Fast Sign Adversary Generation Example

This notebook demos finds adversary examples using MXNet Gluon and taking advantage of the gradient information

[1] Goodfellow, Ian J., Jonathon Shlens, and Christian Szegedy. "Explaining and harnessing adversarial examples." arXiv preprint arXiv:1412.6572 (2014). https://arxiv.org/abs/1412.6572



In [1]:

    
%matplotlib inline
import mxnet as mx
import numpy as np

import matplotlib.pyplot as plt
import matplotlib.cm as cm

from mxnet import gluon

Build simple CNN network for solving the MNIST dataset digit recognition task



In [17]:

    
ctx = mx.gpu() if mx.context.num_gpus() else mx.cpu()
batch_size = 128

Data Loading



In [3]:

    
transform = lambda x,y: (x.transpose((2,0,1)).astype('float32')/255., y)

train_dataset = gluon.data.vision.MNIST(train=True).transform(transform)
test_dataset = gluon.data.vision.MNIST(train=False).transform(transform)

train_data = gluon.data.DataLoader(train_dataset, batch_size=batch_size, shuffle=True, num_workers=5)
test_data = gluon.data.DataLoader(test_dataset, batch_size=batch_size, shuffle=False)

Create the network



In [4]:

    
net = gluon.nn.HybridSequential()
with net.name_scope():
    net.add(
        gluon.nn.Conv2D(kernel_size=5, channels=20, activation='tanh'),
        gluon.nn.MaxPool2D(pool_size=2, strides=2),
        gluon.nn.Conv2D(kernel_size=5, channels=50, activation='tanh'),
        gluon.nn.MaxPool2D(pool_size=2, strides=2),
        gluon.nn.Flatten(),
        gluon.nn.Dense(500, activation='tanh'),
        gluon.nn.Dense(10)
    )

Initialize training



In [5]:

    
net.initialize(mx.initializer.Uniform(), ctx=ctx)
net.hybridize()



In [6]:

    
loss = gluon.loss.SoftmaxCELoss()



In [7]:

    
trainer = gluon.Trainer(net.collect_params(), 'sgd', {'learning_rate': 0.1, 'momentum':0.95})

Training loop



In [8]:

    
epoch = 3
for e in range(epoch):
    train_loss = 0.
    acc = mx.metric.Accuracy()
    for i, (data, label) in enumerate(train_data):
        data = data.as_in_context(ctx)
        label = label.as_in_context(ctx)
        
        with mx.autograd.record():
            output = net(data)
            l = loss(output, label)
            
        l.backward()
        trainer.update(data.shape[0])
        
        train_loss += l.mean().asscalar()
        acc.update(label, output)
    
    print("Train Accuracy: %.2f\t Train Loss: %.5f" % (acc.get()[1], train_loss/(i+1)))









    



Train Accuracy: 0.92	 Train Loss: 0.32142
Train Accuracy: 0.97	 Train Loss: 0.16773
Train Accuracy: 0.97	 Train Loss: 0.14660

Perturbation

We first run a validation batch and measure the resulting accuracy.
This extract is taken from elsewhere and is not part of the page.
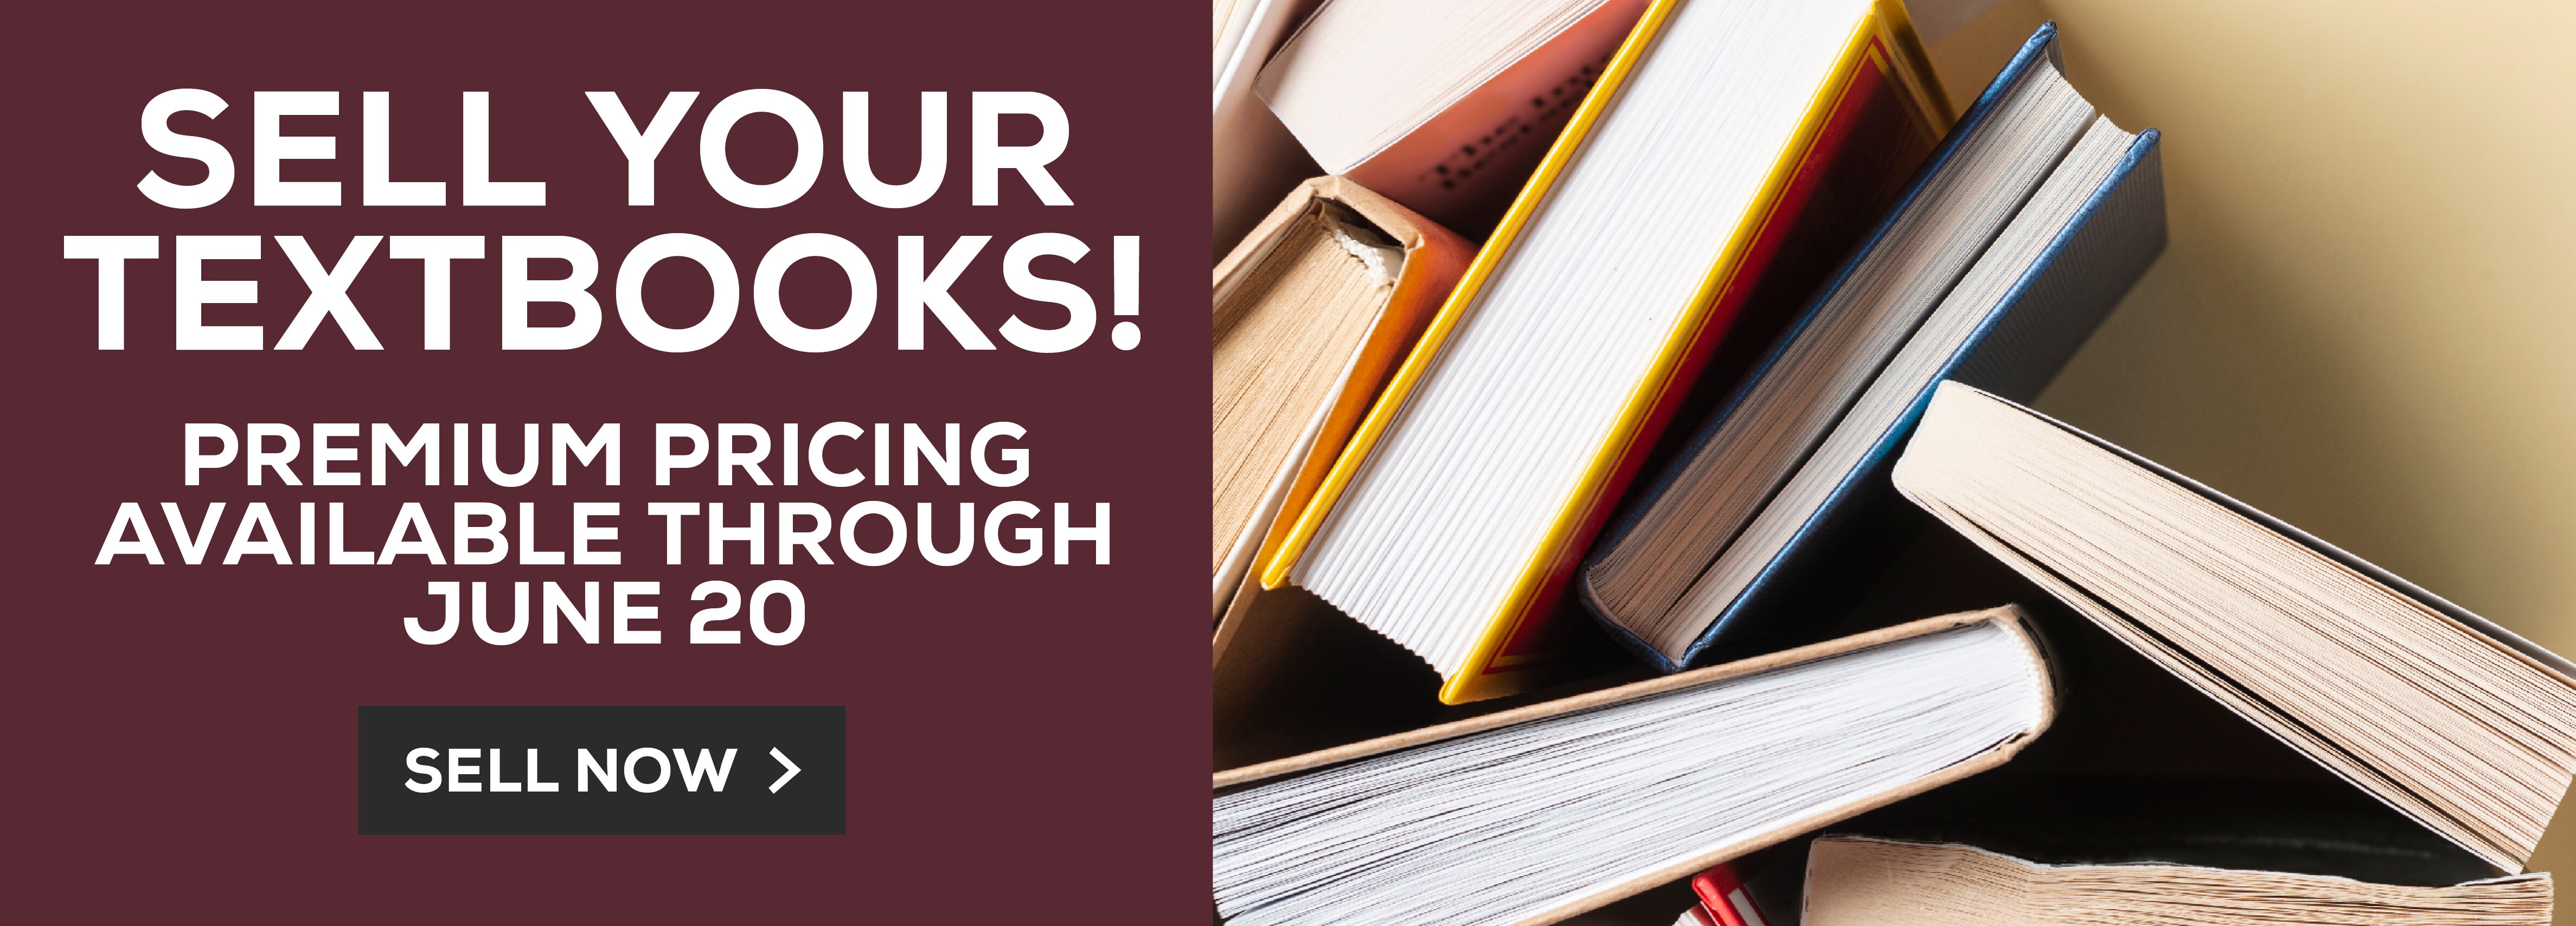 Sell Your Textbooks! Premium pricing available through June 20. Sell Now!

We then perturbate this batch by modifying the input in the opposite direction of the gradient.



In [9]:

    
# Get a batch from the testing set
for data, label in test_data:
    data = data.as_in_context(ctx)
    label = label.as_in_context(ctx)
    break

# Attach gradient to it to get the gradient of the loss with respect to the input
data.attach_grad()
with mx.autograd.record():
    output = net(data)    
    l = loss(output, label)
l.backward()

acc = mx.metric.Accuracy()
acc.update(label, output)

print("Validation batch accuracy {}".format(acc.get()[1]))









    



Validation batch accuracy 0.96875

Now we perturb the input



In [10]:

    
data_perturbated = data + 0.15 * mx.nd.sign(data.grad)

output = net(data_perturbated)    

acc = mx.metric.Accuracy()
acc.update(label, output)

print("Validation batch accuracy after perturbation {}".format(acc.get()[1]))









    



Validation batch accuracy after perturbation 0.40625

Visualization

Let's visualize an example after pertubation.

We can see that the prediction is often incorrect.



In [16]:

    
from random import randint
idx = randint(0, batch_size-1)

plt.imshow(data_perturbated[idx, :].asnumpy().reshape(28,28), cmap=cm.Greys_r)
print("true label: %d" % label.asnumpy()[idx])
print("predicted: %d" % np.argmax(output.asnumpy(), axis=1)[idx])









    



true label: 1
predicted: 3